I’m not going to copy the Wikipedia article on AI here. I roughly know what it is and I assume you do too.

If you’re into philosophising about AI, that’s cool but this is a practical guide (mainly written for myself but you’re welcome to tag along).

I’m probably going to do some coding, and I’ll use some mathematical formulas along the way. I’ll explain my thought process every step of the way.

Cool. My aim is to be able to gather a LOT of knowledge about this topic in the timespan of one year.

I won’t just rehash theory here. I will try to find interesting datasets and solve real life problems.

Which language should I use? 

There are so many: C#, C++, Python, Matlab, Java, Lisp, Erlang,…

Most people on Quora seem to agree it heavily depends on the goal of the project, but generally they seem to prefer Python.

Another person checked which languages were used by the top contestants in the Google AI Challenge. The winners seem to be Java, C++ and Python, in that order.

Python has a lot of cool libraries like Numpy, Scypy and Pybrain. Matlab is proprietary and expensive.
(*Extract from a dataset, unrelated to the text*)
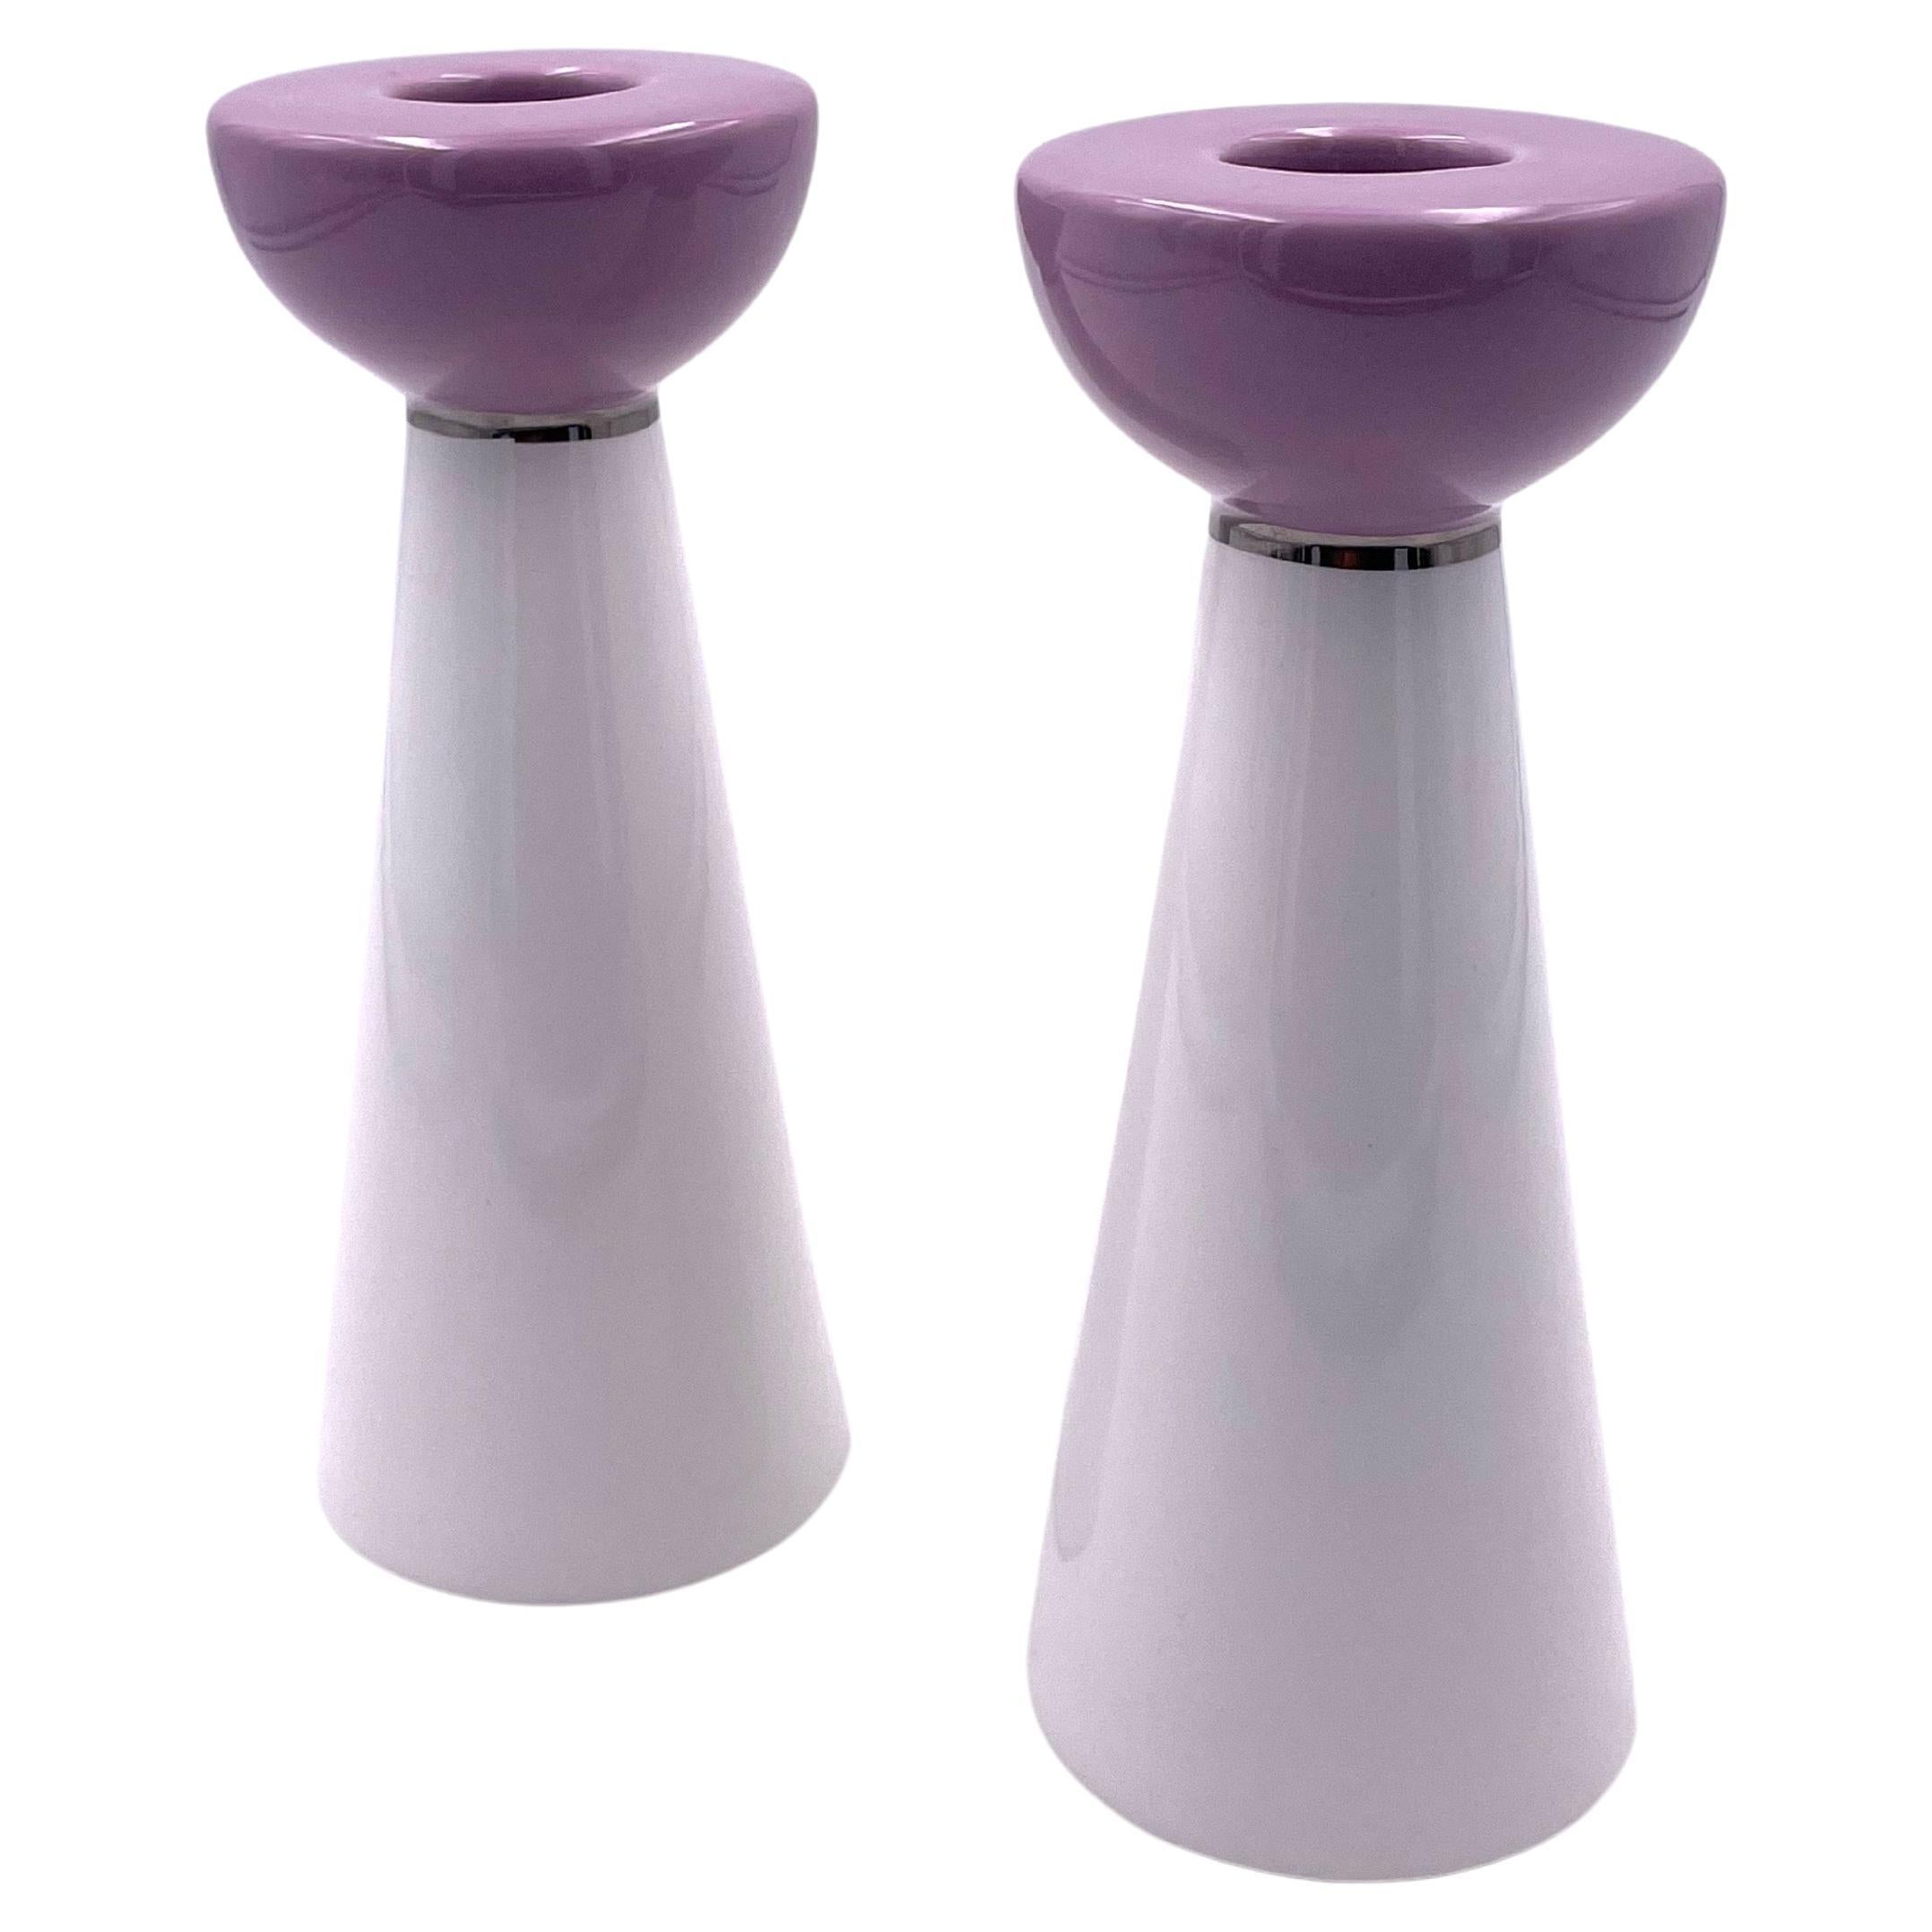 Pair of Postmodern Style Candleholders Designed by Kate Spade for Lenox For Sale

C++ is very fast but low-level so slow to write. Java is very general-purpose but lots of boilerplate and a bit clumsy in some aspects such as passing closures. Erlang seems to be good for parallel processes, not so much for computationally expensive tasks.

From everything I’ve read so far, it seems the logical choice would be either Python or C++.

And from this I gather it’s best not to write your own implementation for a neural network but to use existing libraries like Theano, Caffe or others.

According to this ranking Python is the second most popular language right now.

For now, I’ll stick with Python and check out some libraries. I might switch to C++ later on if needed. I’ve used Matlab a fair bit in my studies so might occasionally use that as well.

What should I read?

I need some basics first. Let’s see. This list of deep learning topics is quite intimidating.

Maybe I should set a goal for myself, otherwise I might get demotivated.

It seems deep learning is a new buzzword, on Google Trends it’s growing very quickly.

According to this Nvidia article, the field of AI is progressing ridiculously fast since 2015.

until recently neural networks were all but shunned by the AI research community. They had been around since the earliest days of AI, and had produced very little in the way of “intelligence.” The problem was even the most basic neural networks were very computationally intensive, it just wasn’t a practical approach. Still, a small heretical research group led by Geoffrey Hinton at the University of Toronto kept at it, finally parallelizing the algorithms for supercomputers to run and proving the concept, but it wasn’t until GPUs were deployed in the effort that the promise was realized.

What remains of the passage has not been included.